For the most part you can name an object whatever you want as long as you follow these rules/guidelines:
camelCase or
snake_caseFor example:
# this will produce an error
1a <- 'test'
print <- 'test'
print(print) # the function still works even though there's now a character object of the same name, it's just messy code
## [1] "test"
There are 5 core data structures in R.
- Atomic Vectors - Lists - Matrices - Dataframes - Arrays
These all differ in their dimensionaly (1d, 2d, Nd) and the data
that’s stored in them (all the same type or a mix of types).
Briefly, datatypes in R include decimal numbers (double), integers,
letters/words (character), factors, and True/False (logical).
Let’s go a bit deeper on working with some of these structures.
R is really all about vectors and running functions on vectors. A vector is either “Atomic” meaning it has all the same data type or a “list” with a mix of types.
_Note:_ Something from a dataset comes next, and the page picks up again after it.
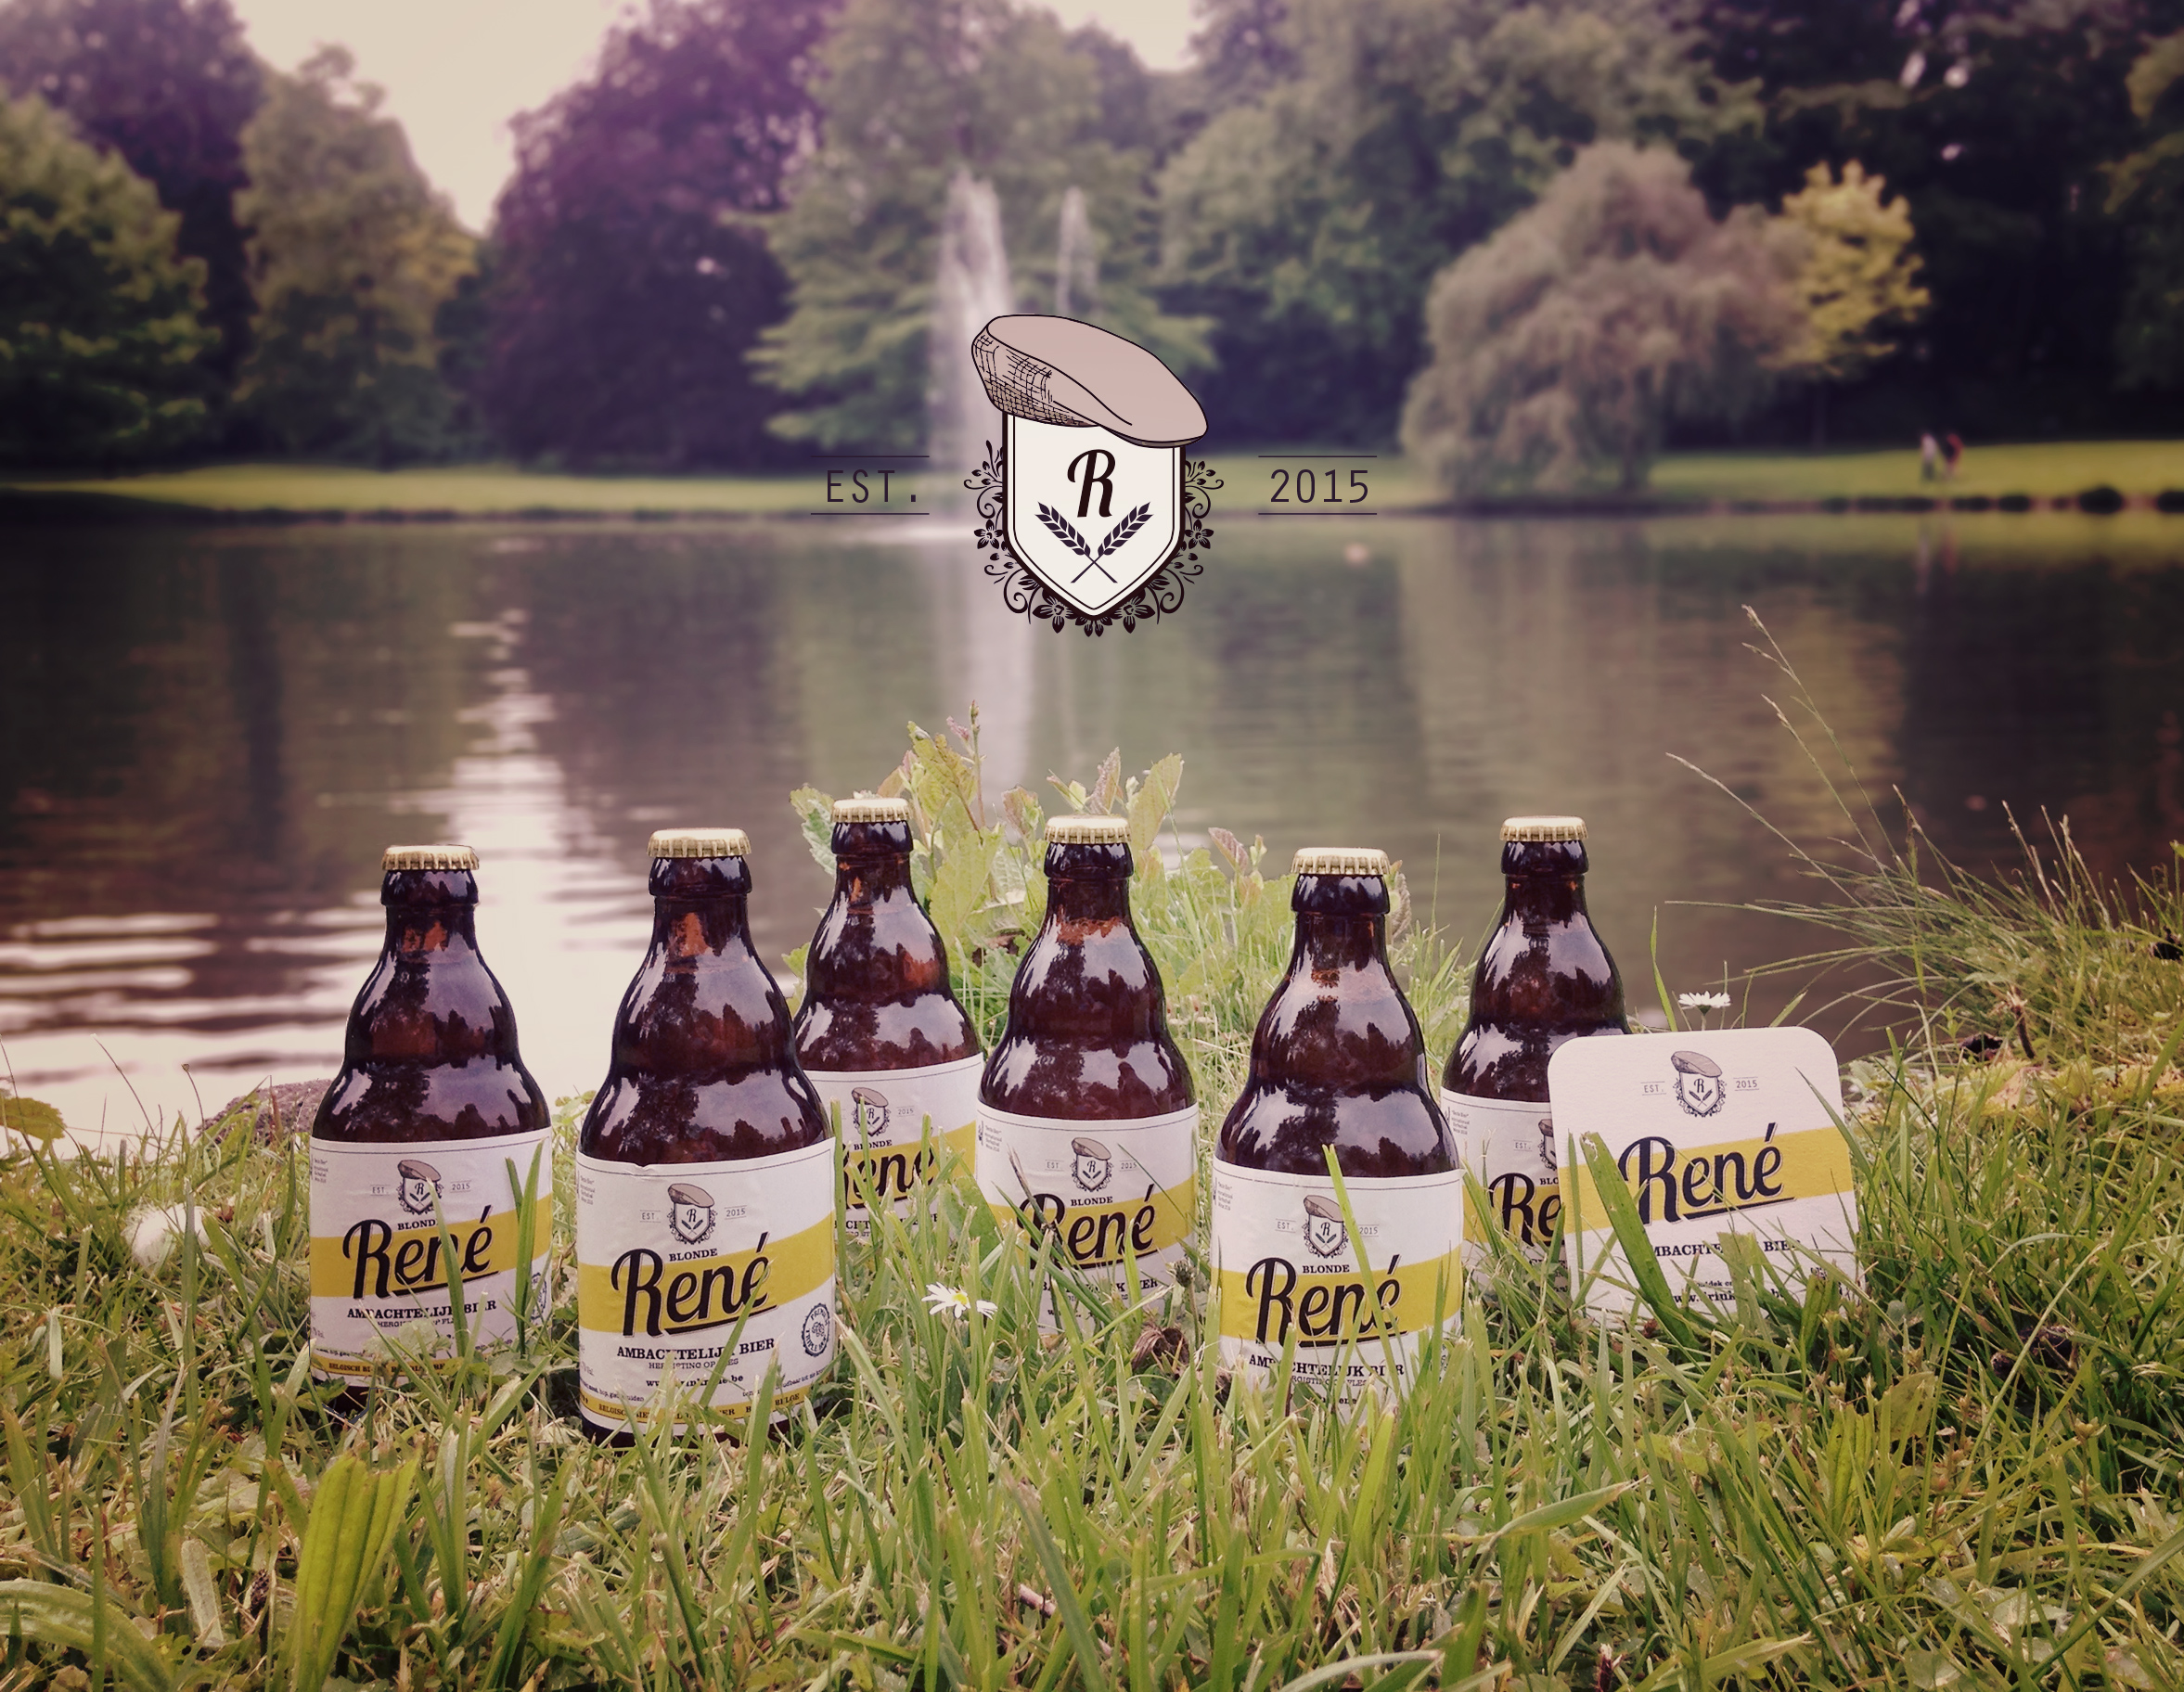 GEPROEFD: René, ambachtelijk blond bier uit Wichelen

To make atomic vectors we use the c() function, which
stands for “combine”.
# this is a character atomic vector
c('this','is','a','character','vector')
## [1] "this" "is" "a" "character" "vector"
# this is an integer atomic vector
c(1,2,3,4)
## [1] 1 2 3 4
What happens if we mix data types with c()?
First let’s try combining integers and characters…
# if we add an integer and a logical type with these words, everything becomes a character type.
c(1,TRUE,'this','is','a','character','vector')
## [1] "1" "TRUE" "this" "is" "a" "character"
## [7] "vector"
What about combining logicals (TRUE, FALSE) with integers…
c(TRUE,FALSE,20,2,1)
## [1] 1 0 20 2 1
What happened? Our output is a vector of integers. That’s because in R logical values have a numeric equivalency. TRUE = 1, FALSE = 0.
This demonstrates how c() “coerces” everything into the
same type, in this case converting TRUE and FALSE to 1 and 0.
It’s often useful to check or change the type of an atomic vector. Let’s demonstrate this by first making a new vector and assigning it an object name.
my_numbers <- c(1.1,3.9292,0.0002,4.12)
my_numbers
## [1] 1.1000 3.9292 0.0002 4.1200
Here we have an atomic vector of doubles. Notice how the values have been coerced to the same number of decimal places.
We can check the datatype with the typeof()
function.
typeof(my_numbers)
## [1] "double"
And we can convert types in R using one of the functions
as.character(),as.numeric(),as.integer(),as.double(),as.logical().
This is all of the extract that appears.